Lest the social media age numbs us to glimpses into others’ lives, humans have always had a healthy interest in each other. Before we made careers of sharing the best moments of ourselves, it was basic curiosity that led to eavesdropping, peeking through fences, and making up stories for those we saw but didn’t know. Could it be that as our expectation of privacy has decreased, through staging and over-sharing, reviewing and comparing online, we have lost our desire, perhaps even our ability, to simply study humanity?
I had this in mind when I met Adán De La Garza in a coffee shop several months ago, where he was to share with me his small batch zine, Lurkin Hard. Adán is a professor and an artist of different mediums; and when it came to his own theories and discoveries via his zine, the conversation did not disappoint.
Even down to the dreamy, drippy appeal of the images. “Instagram has sort of changed the romantic aesthetic,” he said.
But back up.
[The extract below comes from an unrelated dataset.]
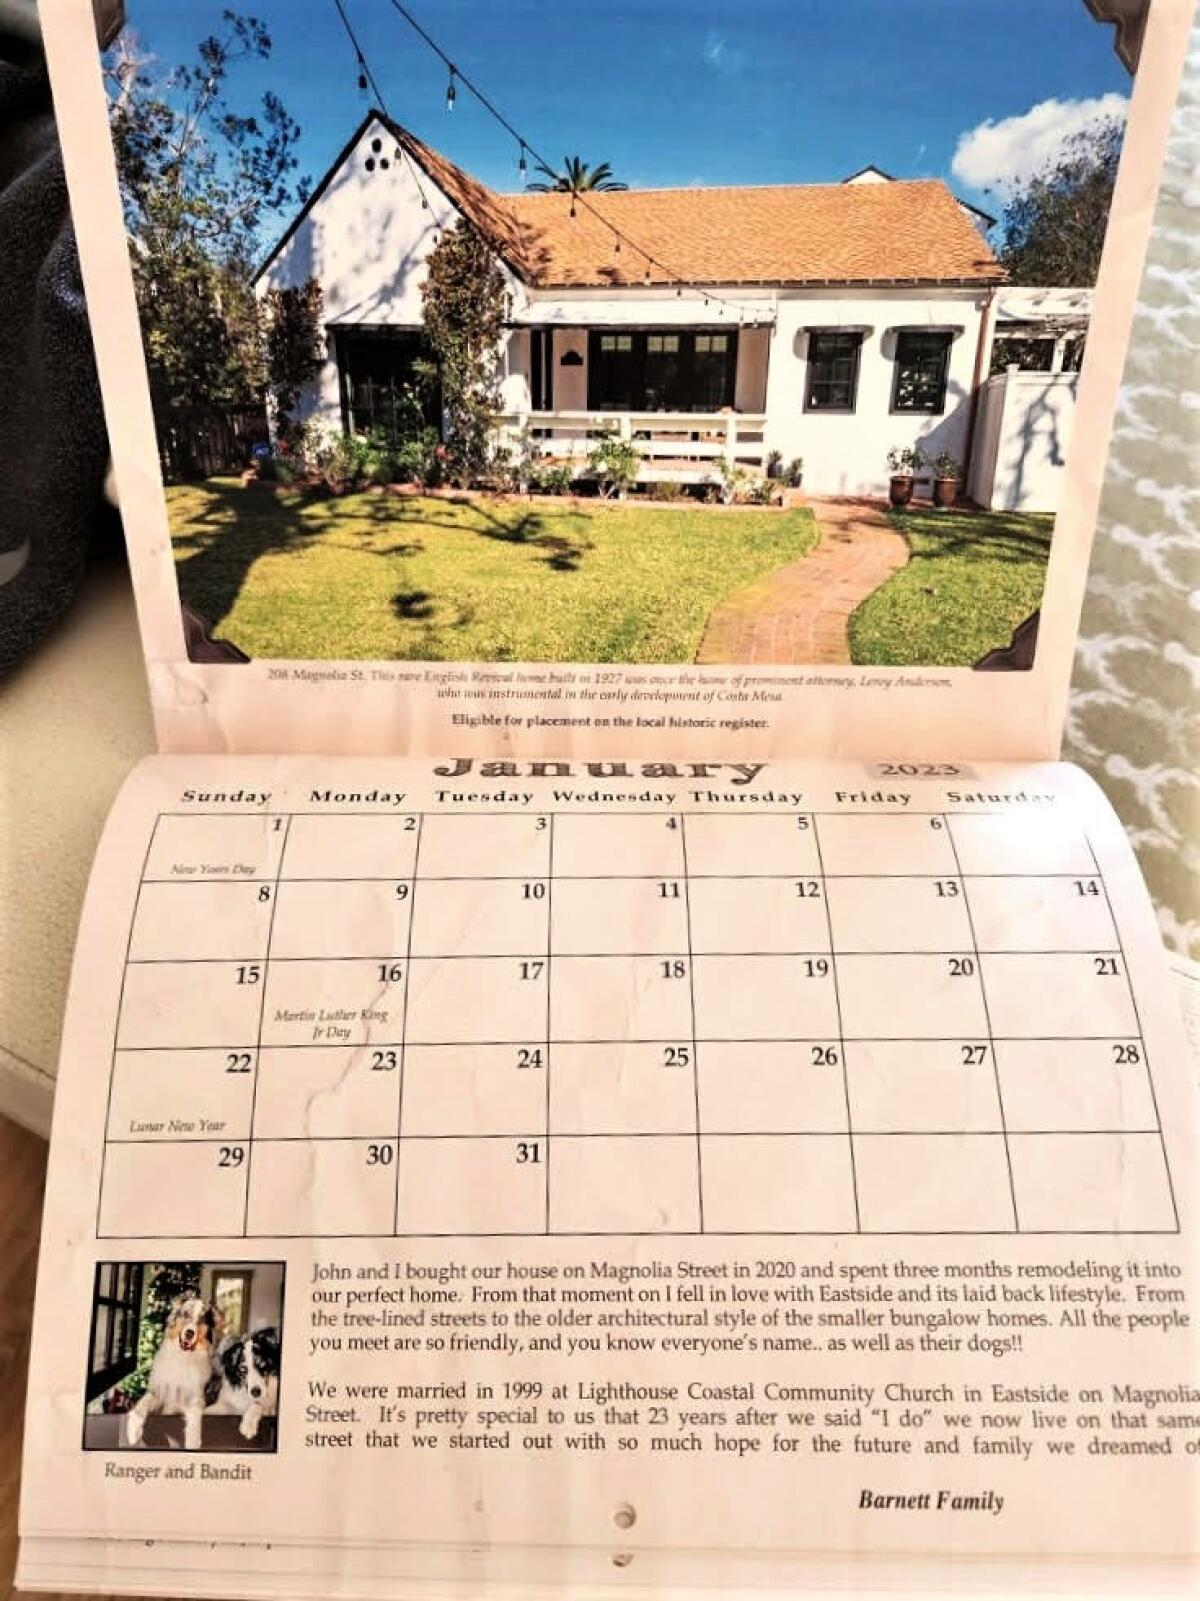 A property at 208 Magnolia St. in Costa Mesa is featured in a 2023 calendar of historic homes.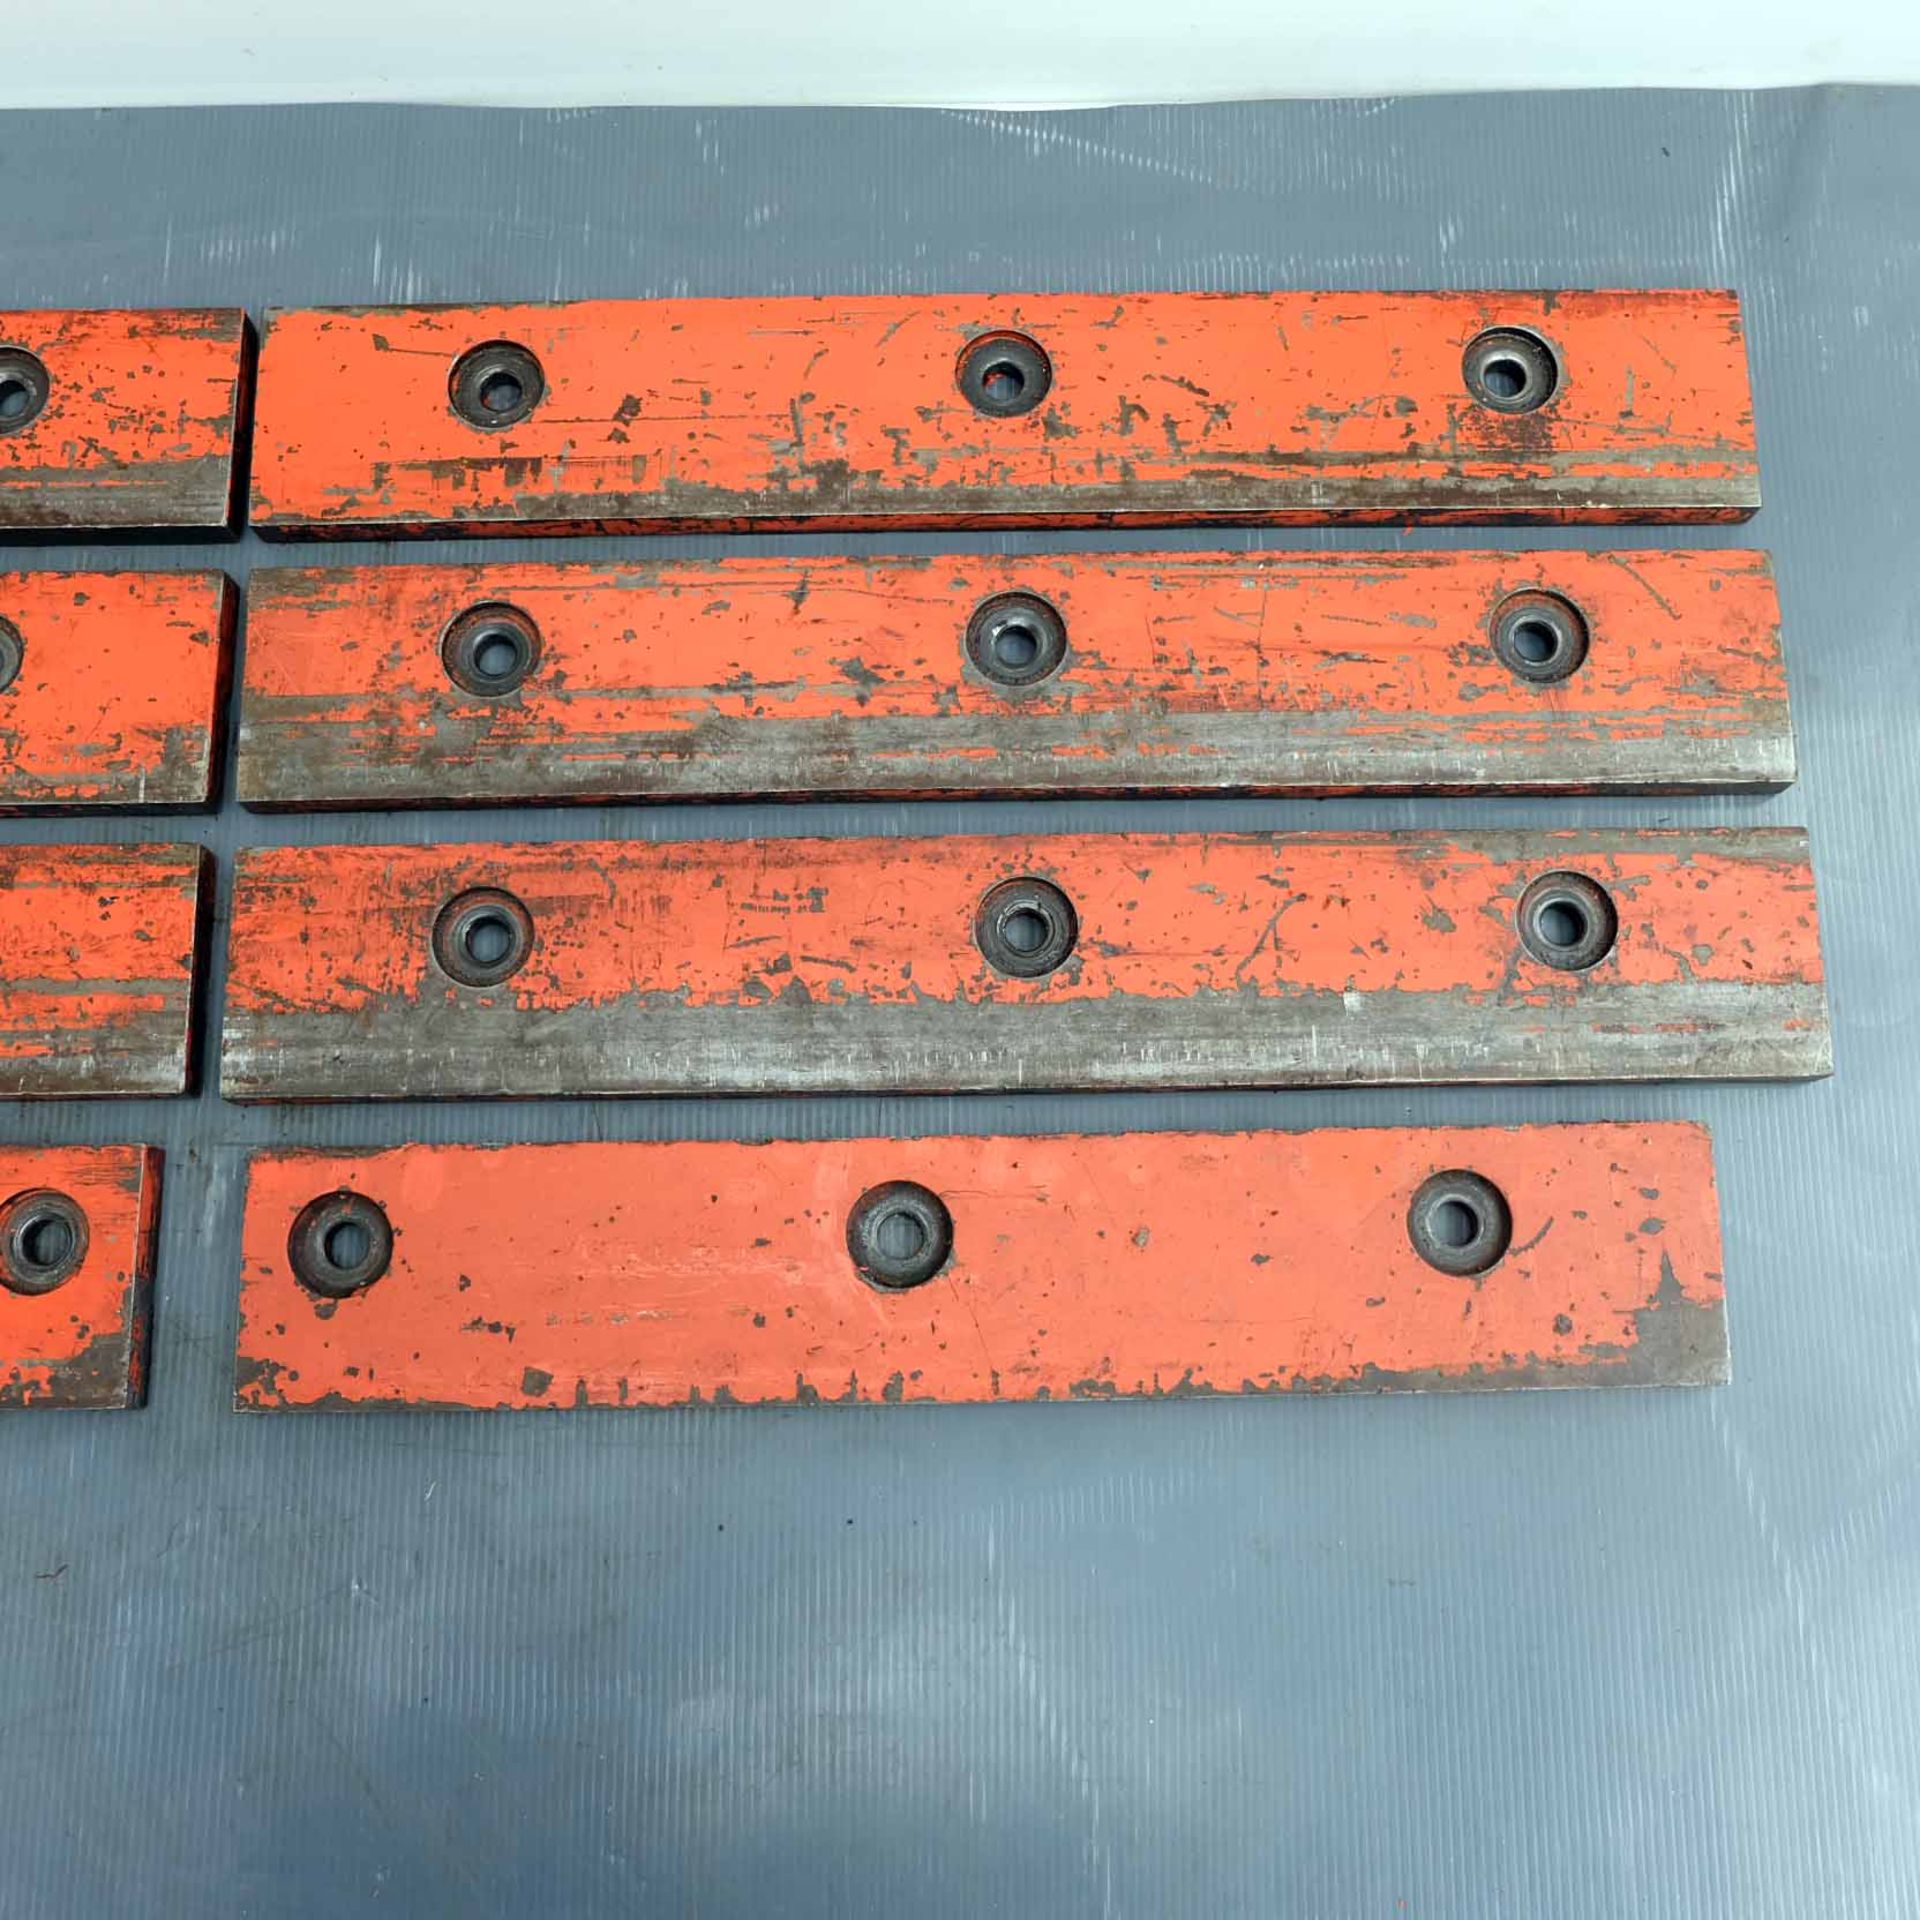 Set of 7 Top Tool Clamps for Press Brakes. 6 x 500mm Long. 2 x 450mm Long. - Image 3 of 5

Here’s the story of Lurkin Hard. It started with some thrifting with a friend. There was a camera with undeveloped film at the shop. That age-old curiosity kicked in, and Adán bit. In fact, he was so drawn to the idea that he bought up bags and bags of film that he found in various second-hand stores. He had a student develop the film, describing their findings as, “Oddly precious.”
What gave Adán the idea for the zine? “I came up punk rock, skater--this felt like a natural outlet. Something is lost if you do it digitally. It’s nice to have a collection, and a zine felt more intentional.”
What it all came down to were the stories created from this disassociated look at people. “The conversations that emerge are great. On a website that feels too jumbled. And the project is about objects--the found film. So it made sense to create something physical.”
Discussion over the zine led to odd connections that came from the photographs—a co-worker who had a class with the young boy taking vintage-versions of selfies; the party-goer who recognized a photo the host had hung ironically as something from his childhood home.
“I think part of what’s interesting is that these images aren’t indicative of neglect--they’re light, pictures of life. So much of it is relatable. It’s almost manipulated happiness,” Adán said. “But they had to wind up in a thrift store because of some version of forgetfulness or non-importance. And in some ways, I don’t want to know. We prefer the mystery because the reality can be really dark.”
Collectively, Adán said that the project wasn’t so much about many stories, as one story. He pulls the images together in a way that allows the viewer to draw their own conclusions, create their own narratives.
“It’s how it relates to your own history,” he said.
What I walked away with, tucking the zines under my arm, was a mystery I could hold. With it in my hands, my imagination woke up, and I wondered about these people who would almost certainly always be strangers to me. But in that wondering, I was closer to them somehow, a broader look at life than what fits into a square tile on my phone.